Hergun melanjutkan, Rusia dan Ukraina mengandalkan Indonesia untuk pasokan minyak sawit mentah (CPO). pada 2021 Indonesia mengekspor 1.1 miliar dolar AS atau Rp 14,74 triliun (Kurs= Rp 14.300/dolar). Jumlah ini setara dengan 3,8% dari total ekspor CPO keseluruhan tahun 2021 sebesar 28,5 miliar dolar AS. Lebih rinci, Indonesia mengekspor CPO ke Rusia sebesar Rp10,2 triliun dan Ukraina sebesar Rp4,4 triliun.

 

“Komoditas lain yang diekspor ke Rusia meliputi karet dan barang dari karet senilai 99,1 juta dolar AS, alas kaki dengan nilai 72,2 juta dolar AS, serta karet dan barang dari karet dengan nilai 89,2 juta dolar AS,” katanya.

 

“Sementara dengan Ukraina, selain CPO komoditas lauin yang diekspor meliputi karet dan barang dari karet sebesar 3,95 juta dolar AS, serta alas kaki senilai 5,13 juta dolar AS,” lanjutnya.

 

Hergun mengingatkan, gangguan rantai untuk sejumlah komoditas di Rusia dan Ukraina saat perang akan berdampak bagi Indonesia. Selain karena pasokan yang berkurang di Indonesia, harga global juga bisa meningkat.

 

Politisi dari Dapil Jawa Barat IV (Kota dan Kabupaten Sukabumi) memberi solusi secara komprehensif dari hulu hingga ke hilir.

 

“Pertama, dari hulu, pemerintah perlu memanfaatkan posisi sebagai presidensi G20 untuk menyerukan kepada kedua belah pihak serta negara-negara lain yang terlibat dukung-mendukung, untuk kembali mengutamakan upaya pemulihan ekonomi global. Perang hanya akan menyurutkan upaya pemulihan serta berpotensi membawa masyarakat global pada krisis ekonomi dan kesengsaraan,”katanya.

 

Kedua, lanjut Hergut, Indonesia memiliki pengalaman menggelar Konferensi Asia Afrika (KAA) 1955 di Bandung yang kemudian melahirkan Gerakan Non-Blok. Sejarah tersebut bisa diulang dengan memanfaatkan momentum sebagai Presidensi G20 menambah agenda perdamaian dunia sebagai agenda prioritas ketujuh.

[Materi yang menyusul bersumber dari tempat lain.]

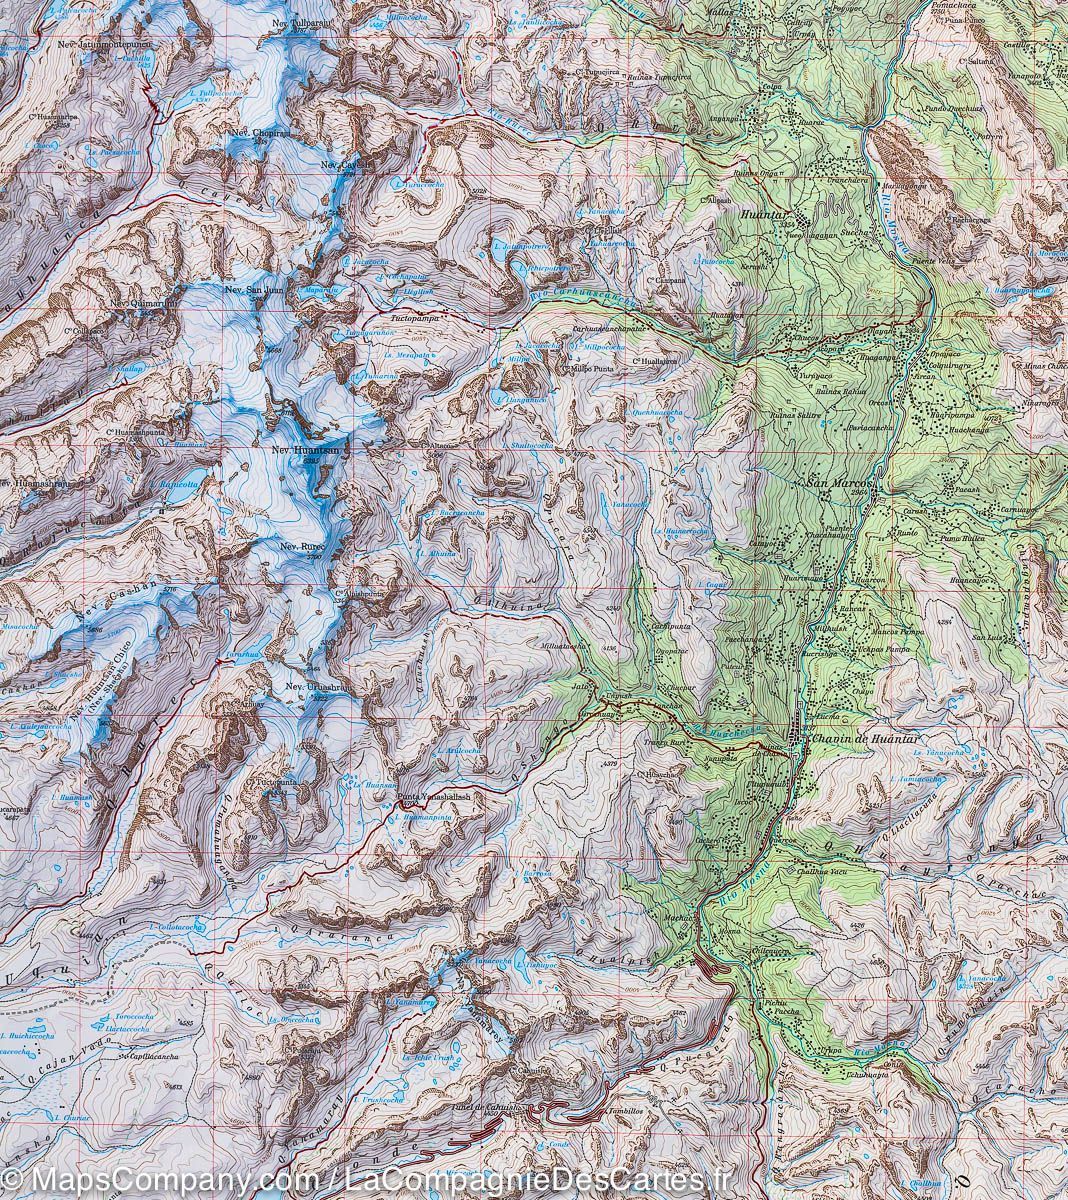 Carte de randonnée -  Cordillère Blanche Sud 03b (Pérou) | Alpenverein - La Compagnie des Cartes

Semua pihak perlu diingatkan kembali mengenai pentingnya dialog sebagai solusi menghentikan pertikaian.

 

“Ketiga, presiden Indonesia sebagai pemimpin negara muslim terbesar di dunia, perlu menyerukan negara-negara muslim lainnya yang tergabung dalam Organisasi Konferensi Islam (OKI), untuk berperan aktif dalam mendamaikan pertikaian Rusia dan Ukraina. OKI bisa menjadi penengah yang netral,” lanjutnya.

 

Kemudian dari sisi hilir, pertama, pemerintah perlu mengantisipasi perang Rusia-Ukraina dengan menyiapkan kebijakan-kebijakan untuk melanjutkan pemulihan ekonomi nasional, meningkatkan kinerja ekspor, menjaga kinerja impor terutama untuk impor bahan baku untuk menggerakkan sektor manufaktur, serta mewujudkan pertumbuhan sesuai target yang ditetapkan.

 

“Kedua, terkait dengan potensi kenaikan harga, pemerintah perlu meresponnya dengan melakukan operasi pasar dan menindak pihak-pihak yang terbukti melakukan penimbunan,”pungkasnya.